Auf orientalistische Bilder wurde jedoch auch von türkischer Seite zurückgegriffen. So reproduziert natürlich der Tourismus, der nach wie vor abhängig von westlichen Touristen ist, diese Bilder passend zur Kundschaft, indem zum Beispiel gestellte Gruppenfotos als Sultan mit Haremsdamen angeboten werden. Genauso traten die Reproduktionen in den alltäglichen Erlebnissen auf, wenn zum Beispiel manche türkische Studierende, Dozierende in der Uni oder türkische Freund*innen von der trägen und unzuverlässigen türkischen „Mentalität“ berichteten und die leistungsfähigen und disziplinierten Europäer*innen beschworen oder die lokale ESN-Gruppe mal eine Bauchtanzveranstaltung, mal ein paternalistisches “Social Project” organisierte.

Egal auf welcher Seite Bezug auf diesen Diskurs genommen wurde, zeigte sich immer wieder seine Wirkmächtigkeit. Der Widerspruch bei nebenläufigen, als „Scherz“ gemeinten, in der Peergroup gefeierten Aussagen oder organisierten, problematischen Events blieb und bleibt schwierig. Der Diskurs verhält sich damit wechselseitig, er wird von beiden Seiten mit konstruiert. Die festen, vorgegebenen Kategorien funktionieren zu einfach, sie werden gefüllt mit einzelnen Erfahrungen und gestützt von dem vorgegebenen kulturellen Wissen über das „Andere“.
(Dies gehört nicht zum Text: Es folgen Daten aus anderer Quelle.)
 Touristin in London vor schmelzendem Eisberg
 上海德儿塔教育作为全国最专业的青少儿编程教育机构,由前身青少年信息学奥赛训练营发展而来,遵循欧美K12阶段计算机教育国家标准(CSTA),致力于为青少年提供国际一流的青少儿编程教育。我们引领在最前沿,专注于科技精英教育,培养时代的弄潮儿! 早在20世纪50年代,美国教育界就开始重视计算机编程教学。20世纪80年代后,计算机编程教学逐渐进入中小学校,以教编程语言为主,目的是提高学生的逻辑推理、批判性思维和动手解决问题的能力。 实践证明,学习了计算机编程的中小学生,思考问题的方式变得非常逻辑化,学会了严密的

Wie oben schon erwähnt, haben diese Denkweisen strukturelle Gründe und sollten deshalb nicht als moralische Vorwürfe verstanden werden. Aus einer europäisch sozialisierten Perspektive kommend, in der Rassismus besonders gegen Muslim*innen und anderes xenophobes Gedankengut immer populärer werden und die politische Diskussionskultur prägen, wundert es nicht, wenn gewisse Bilder davon (wenn teilweise auch unbewusst) reproduziert werden. Dies zeigt jedoch auch die Notwendigkeit, stetig über gesellschaftliche und eigene Vorstellungen über die türkische Kultur kritisch zu reflektieren sowie Mut zum Widerspruch gegenüber dem herrschenden Diskurs zu haben.
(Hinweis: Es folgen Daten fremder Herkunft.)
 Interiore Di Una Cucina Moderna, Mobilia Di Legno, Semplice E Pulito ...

Und wie nun eine Postkarte schreiben?

Da sind wir also und schreiben Postkarten an Eltern, Großeltern und Freunde. Die Karten zeigen die Hagia Sofia, die Sultan Ahmet Moschee oder den Basar im goldenen Licht und sie alle rufen bei den Daheimgebliebenen die Vorstellungen vom fernen Orient hervor. Auch der Inhalt unserer Karten knüpft natürlich schnell daran an. Wir berichten vom Muezzin-Ruf, der uns morgens aus dem Schlaf reißt, sprechen von unserem Leben auf der Schwelle des Orients und machen vielleicht noch einen Witz über den „neuen Sultan“ in Ankara. Ohne es zu wollen, reproduzieren wir alte Orientbilder in den Köpfen anderer Menschen und treten in die Fußstapfen der Orientalisten, die ihren europäischen Landsmännern und Frauen die fremde Welt erklärten.
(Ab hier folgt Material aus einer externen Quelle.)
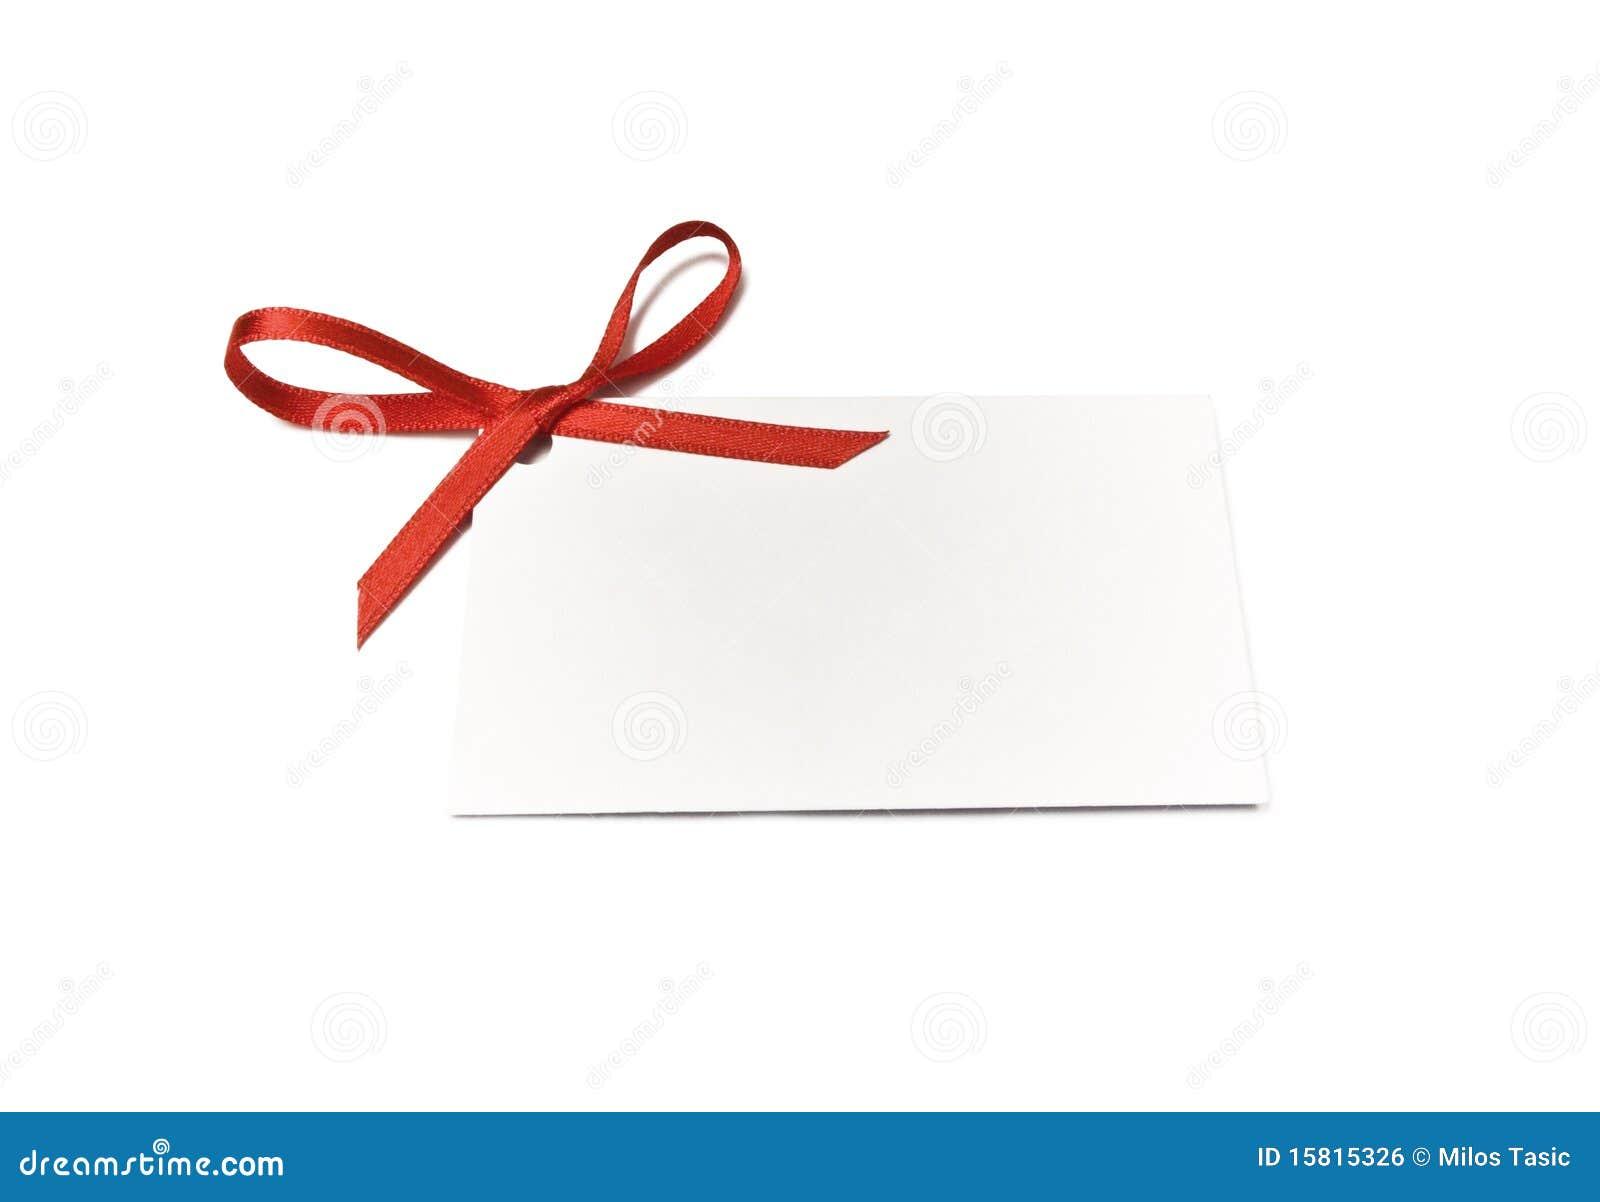 Tag do presente com fita vermelha

Aber was nun? Können die paar Sätze einer Postkarte den Orientalismus widerlegen? Nein, deshalb ist es ja soviel einfacher, sich einiger Klischees zu bedienen. Aber gerade in Zeiten, in denen die Berührungsängste zwischen der Türkei und Deutschland wieder zunehmen, ist es wichtig, Klischees und einer vermeintlichen Fremdheit nicht das Wort zu reden. Unsere nächsten Postkarten jedenfalls handeln von der bunten, lauten und unglaublich mutigen Demo zum Weltfrauentag oder der alten Dame (mit Kopftuch), in deren Kiosk mensch auch weit nach zehn Uhr abends noch eine Flasche Raki bekommt. Keine Abweichungen von der Norm, sondern ganz normal!